– Ни Цезарь, ни его ликторы не подчиняются командам глупых царевен, – тихо сказал Цезарь. – В отсутствие царя я правлю в Александрии на основании пунктов завещания Птолемея Александра и вашего отца Авлета. – Он подался вперед. – А теперь, царевна, перейдем к делу. И не дуйся, как избалованный ребенок, иначе я прикажу одному из моих ликторов вытащить прут из его фасций и отстегать тебя. – Взгляд его остановился на стоящем рядом с ней человеке. – Ты кто?
– Ганимед, евнух.

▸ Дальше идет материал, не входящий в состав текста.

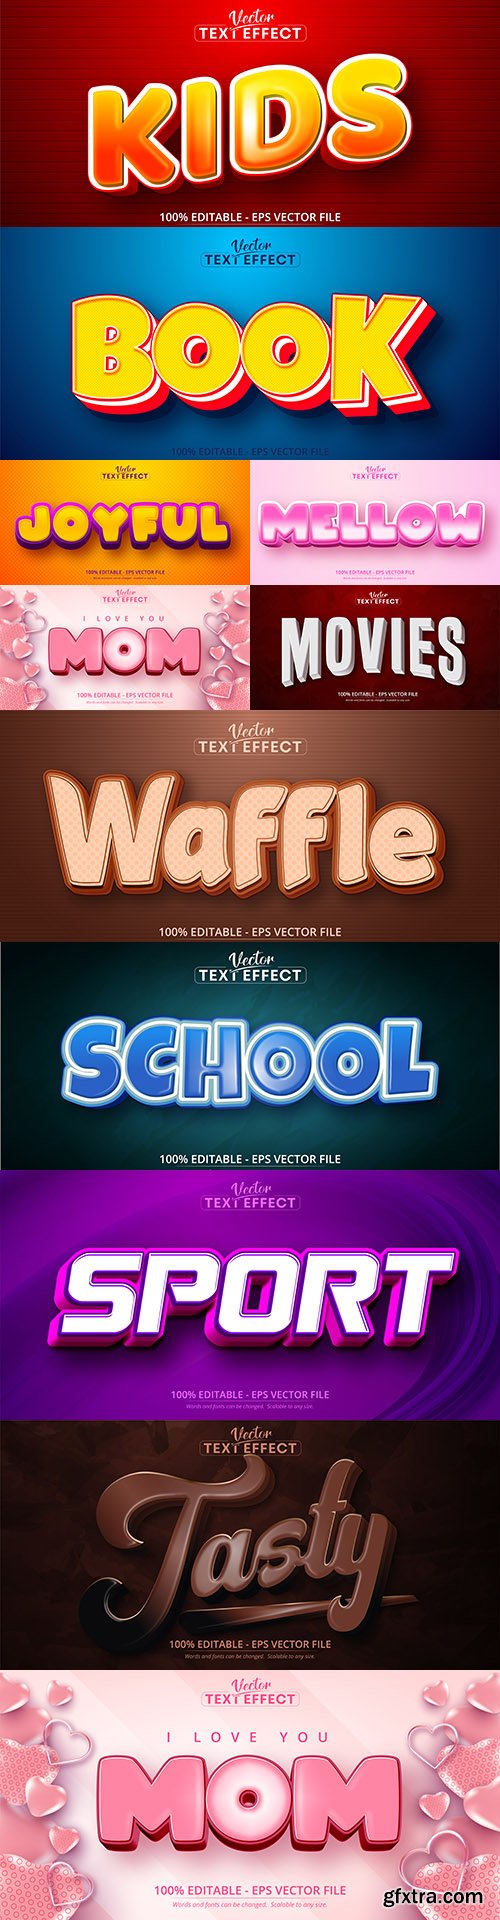 Editable font and 3d effect text design collection illustration 74
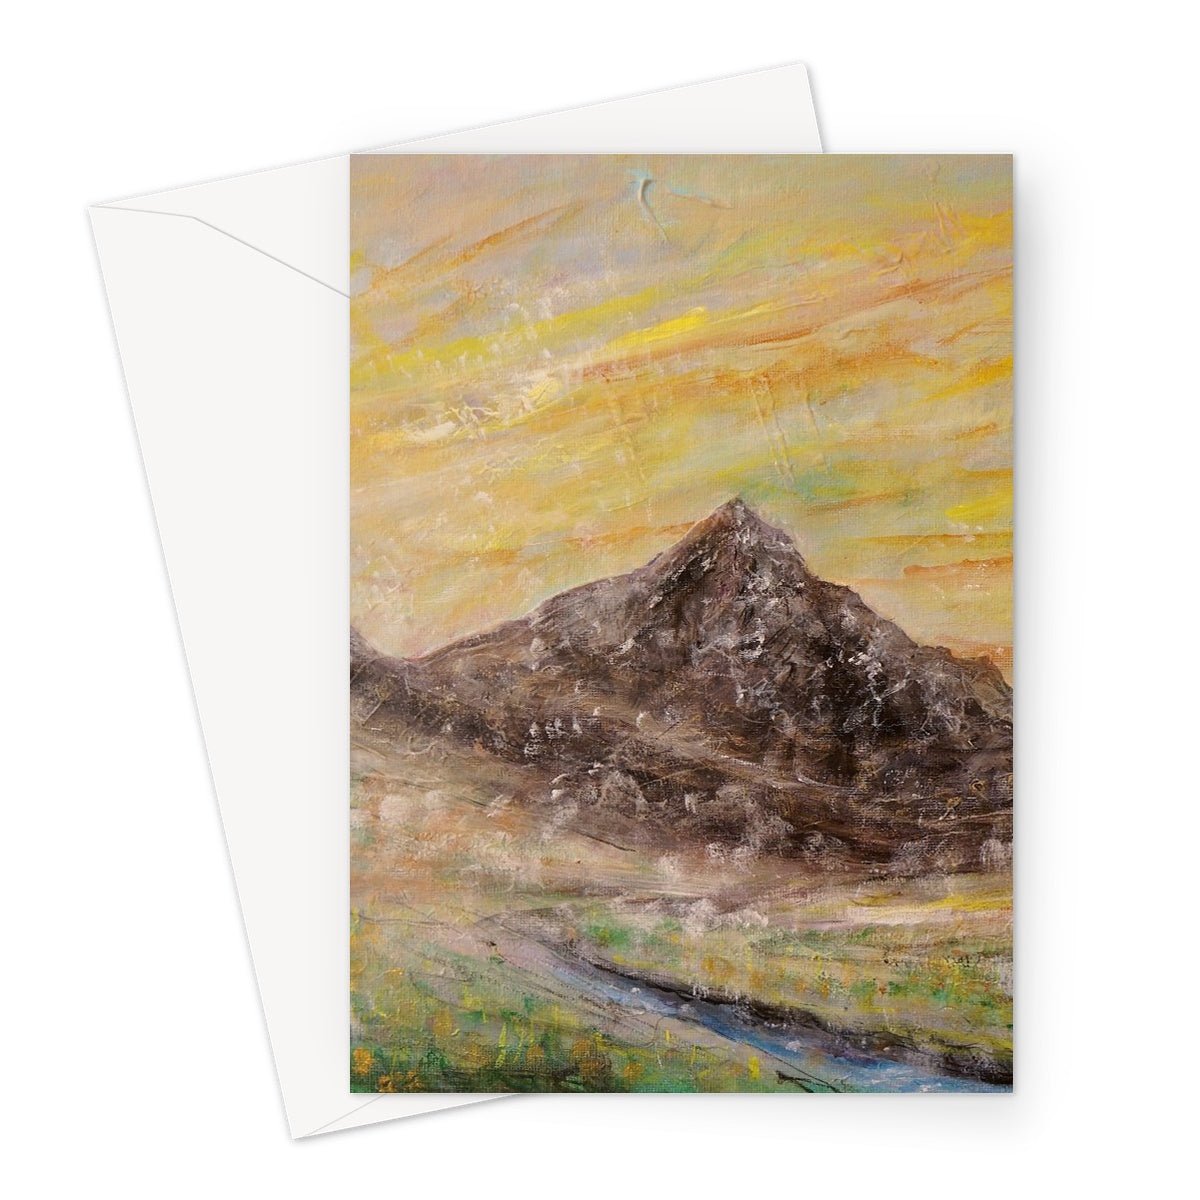 Glen Rosa Mist Arran Art Gifts Greeting Card-Greetings Cards-Arran Art Gallery-A5 Portrait-1 Card-Paintings, Prints, Homeware, Art Gifts From Scotland By Scottish Artist Kevin Hunter

Воспитатель и телохранитель царевны.
– Ганимед, ты вроде похож на здравомыслящего человека, так что я буду разговаривать только с тобой.
– Нет, со мной! – крикнула Арсиноя, лицо ее пошло пятнами. – Немедленно сойди с трона!
– Придержи язык! – резко оборвал ее Цезарь. – Ганимед, мне нужна резиденция для меня и моих старших офицеров, а также в достаточном количестве свежий хлеб, овощи, масло, вино, яйца и вода для войска, которое останется на кораблях, пока я не разберусь, что здесь происходит. Плохи дела, когда диктатора Рима встречают с тупой и бесцельной враждебностью. Ты понимаешь меня?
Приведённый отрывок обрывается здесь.